### Your assignment
Copy everything in the data below exactly except the pictures.

### Recorded information
--- START ---
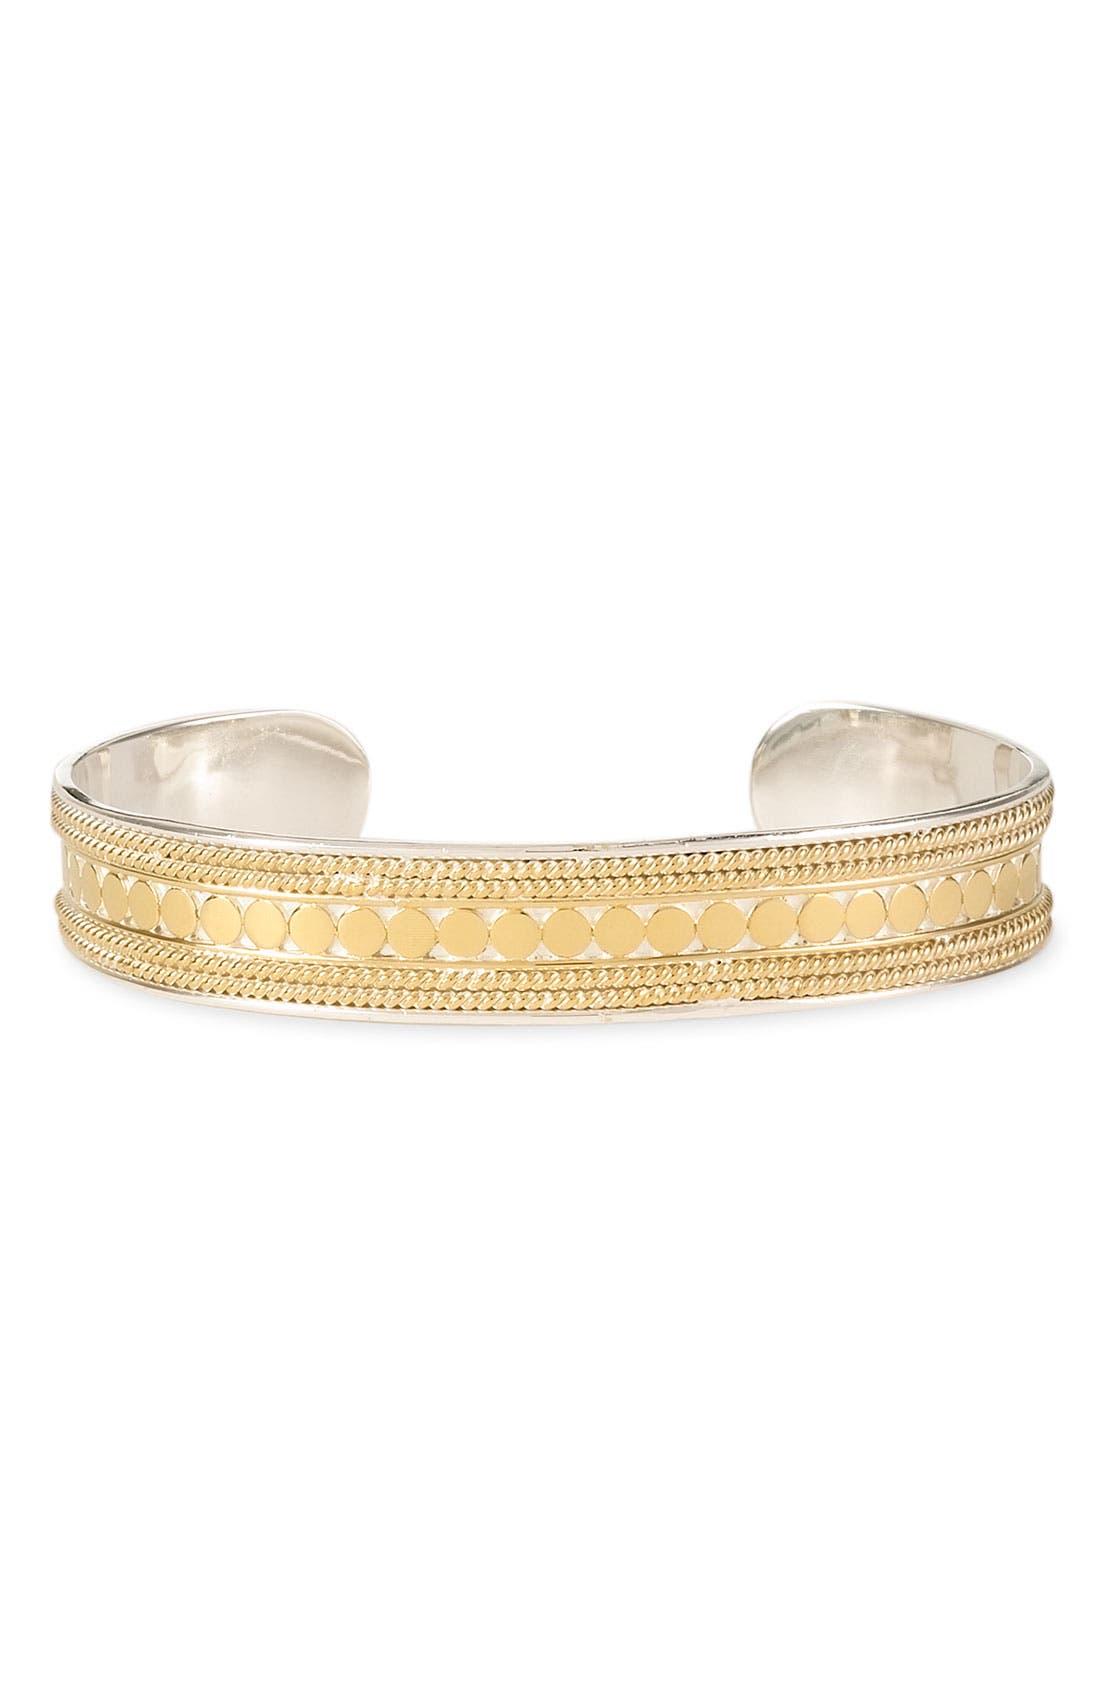 Anna Beck 'Gili' Skinny Cuff Bracelet
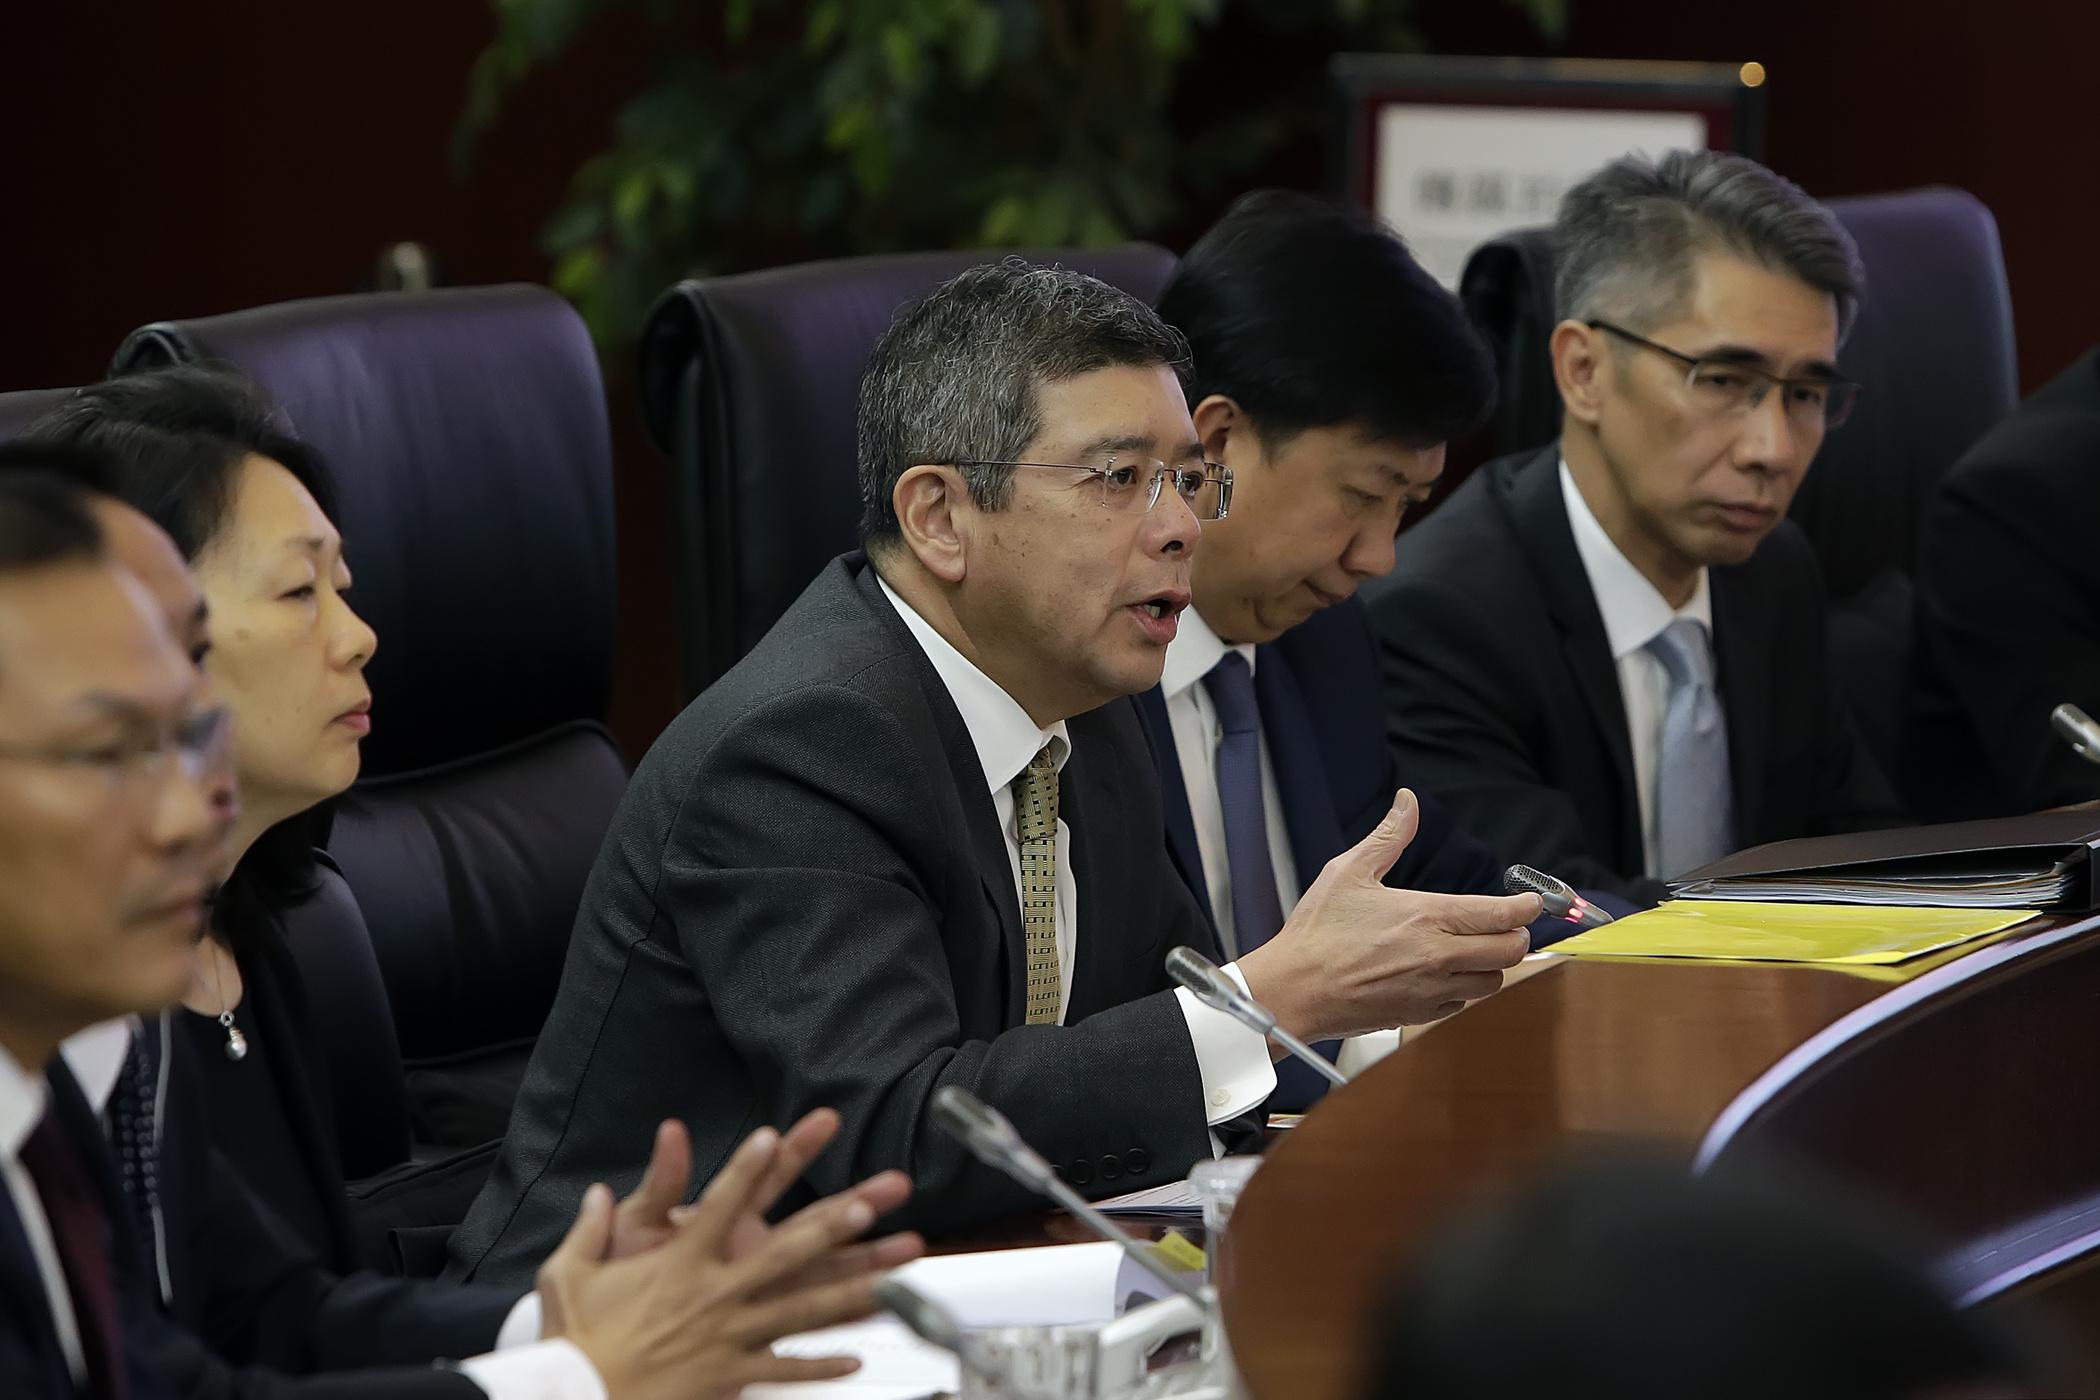 Táxis | Governo aguarda proposta de aumento de preços
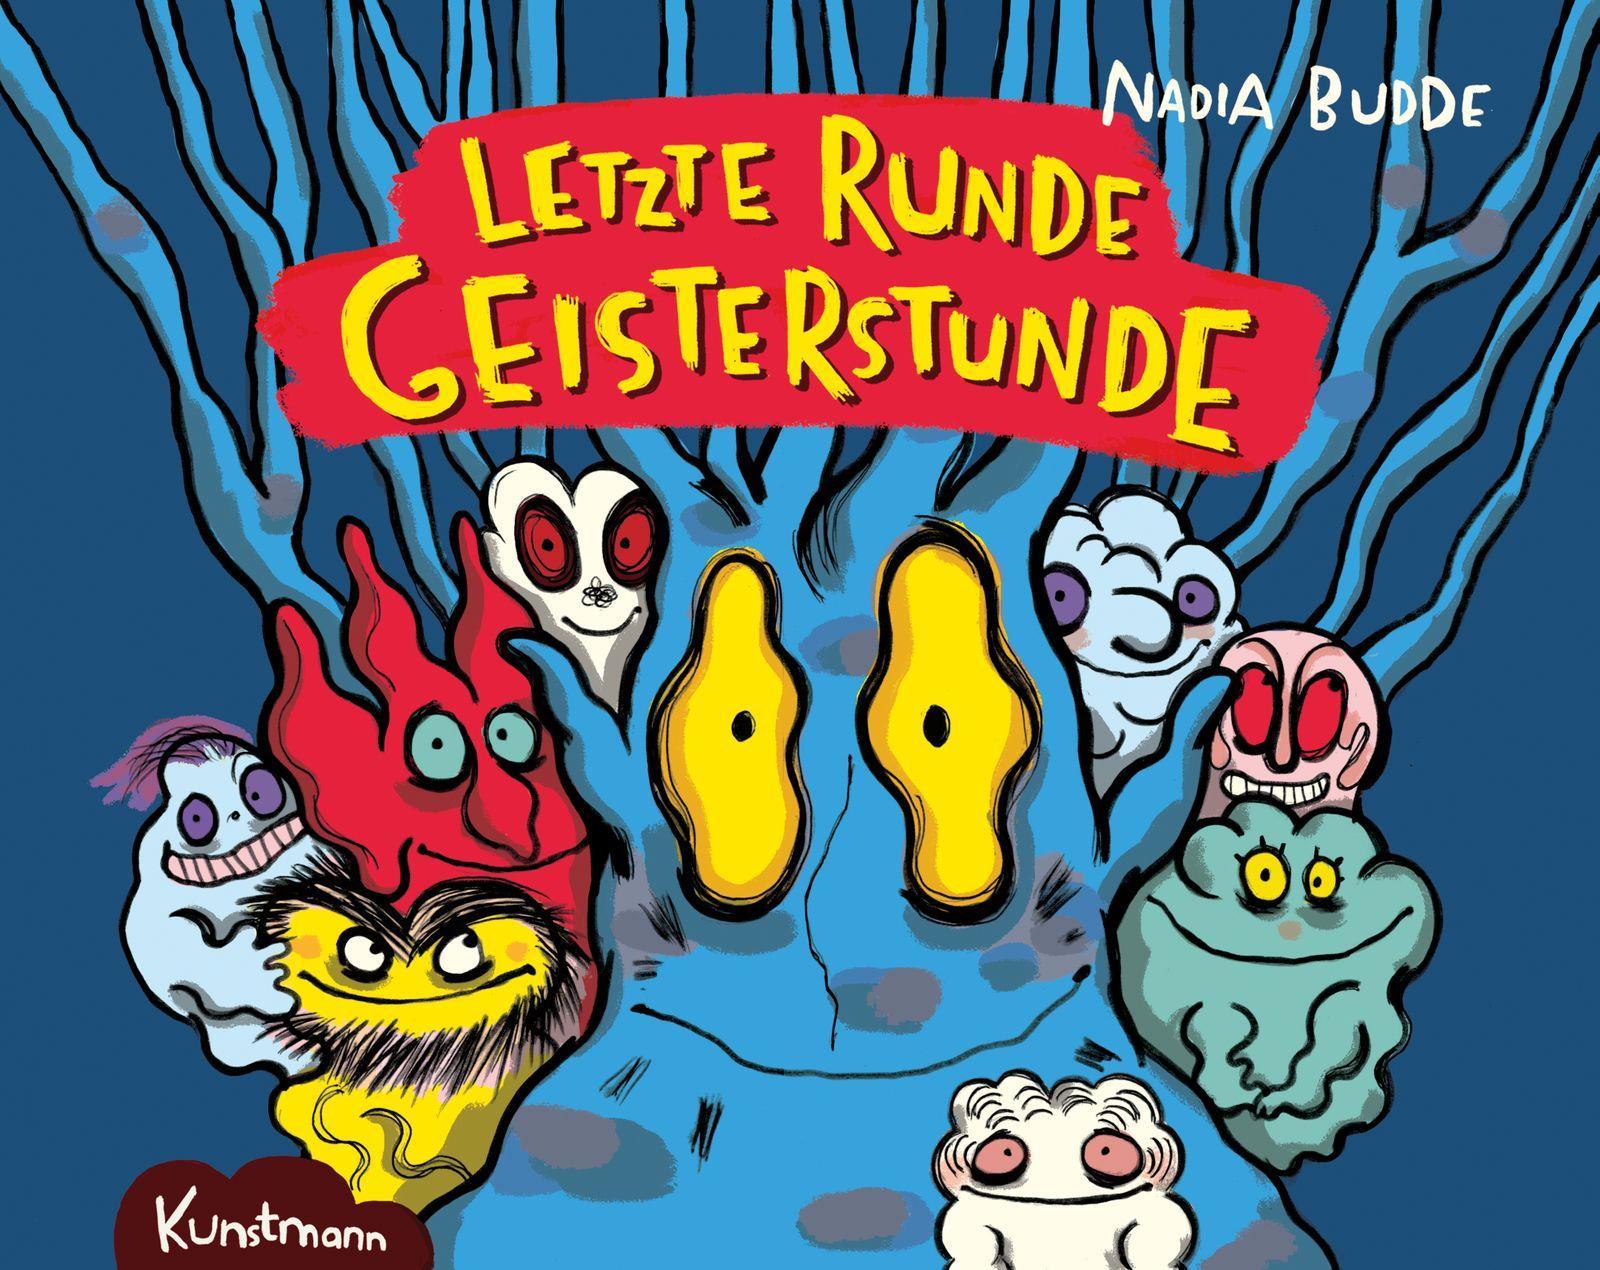 Kinderbücher/ Nadia Budde: Letzte Runde - Geisterstunde COVER
--- END ---
### Output of the task
 Anna Beck 'Gili' Skinny Cuff Bracelet
 Táxis | Governo aguarda proposta de aumento de preços
 Kinderbücher/ Nadia Budde: Letzte Runde - Geisterstunde COVER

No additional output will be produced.